Fiches d'écarts COFRAC : comment y répondre efficacement

Recevoir des fiches d'écarts après une évaluation COFRAC est courant. L'enjeu est d'y répondre avec méthode pour démontrer votre maîtrise et obtenir la levée des écarts.

Publié le 18 mars 2026 par 3D Synergie

Après chaque évaluation, le Cofrac transmet un rapport contenant les écarts identifiés par l'équipe d'évaluation. Ces fiches d'écarts ne sont pas une sanction : elles constituent une opportunité d'amélioration. Cependant, la qualité de votre réponse conditionne directement la décision d'accréditation. Voici notre méthodologie pour y répondre efficacement.

Comprendre la nature des écarts

Le Cofrac définit l'écart comme la non-satisfaction d'une exigence. On distingue deux niveaux de gravité, complétés le cas échéant par des points à surveiller :

  • Écart critique : écart mettant en cause la validité des résultats ou l'aptitude du système de management à maintenir le niveau de qualité des prestations d'évaluation de la conformité. L'écart peut avoir une conséquence avérée quantifiable par l'évaluateur, ou présenter un risque important sur le niveau de qualité des prestations.

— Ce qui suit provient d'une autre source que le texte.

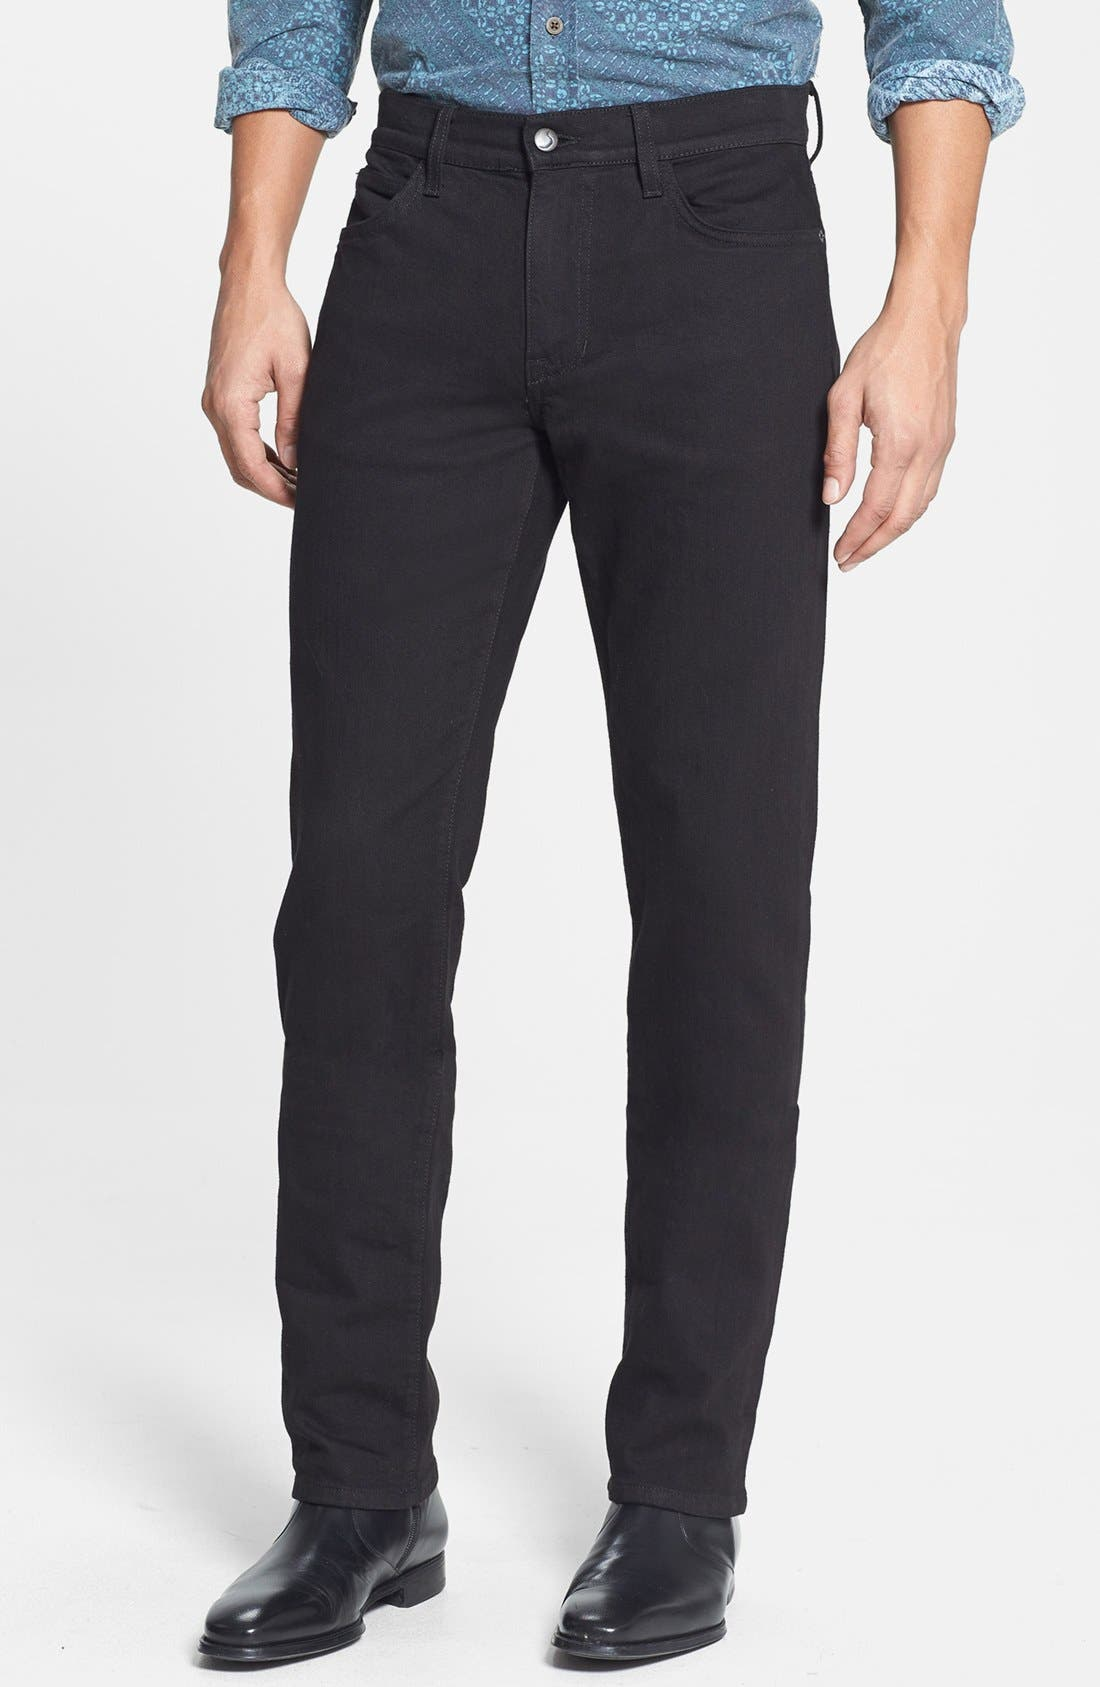 Main Image - Joe's 'Brixton' Slim Fit Jeans (Jet Black)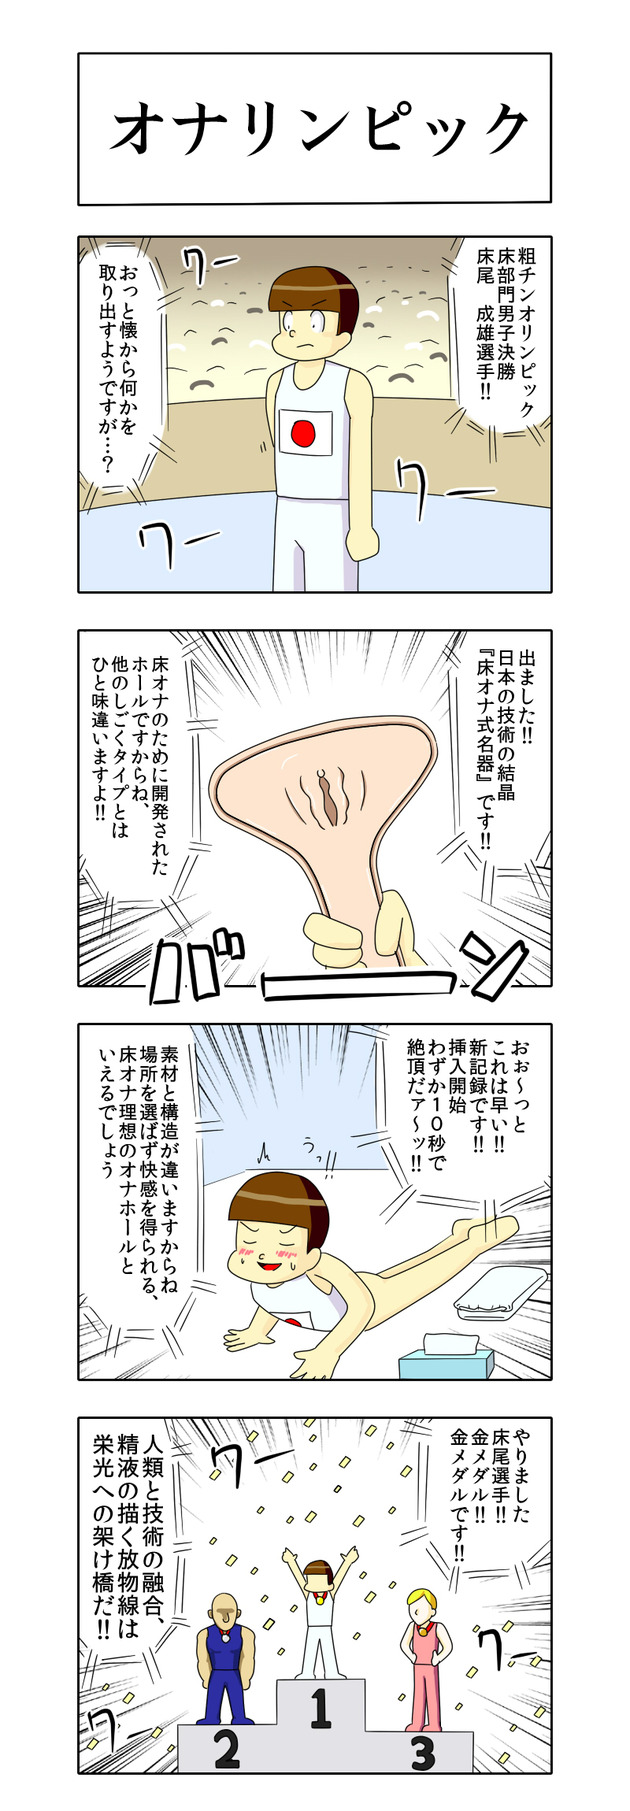 yukaona04_onarinpic

Il peut être d'ordre technique ou organisationnel.
  • Écart non critique : écart dont le résultat n'affecte pas, ou n'est pas susceptible d'affecter directement et immédiatement, la qualité des prestations d'évaluation de la conformité. La persistance d'un écart non critique peut amener à reclasser la situation comme critique.
  • Point à surveiller : point d'attention sans caractère de non-conformité, mais qui pourrait le devenir.

Chaque type d'écart appelle une réponse adaptée en termes d'analyse et de délai de traitement.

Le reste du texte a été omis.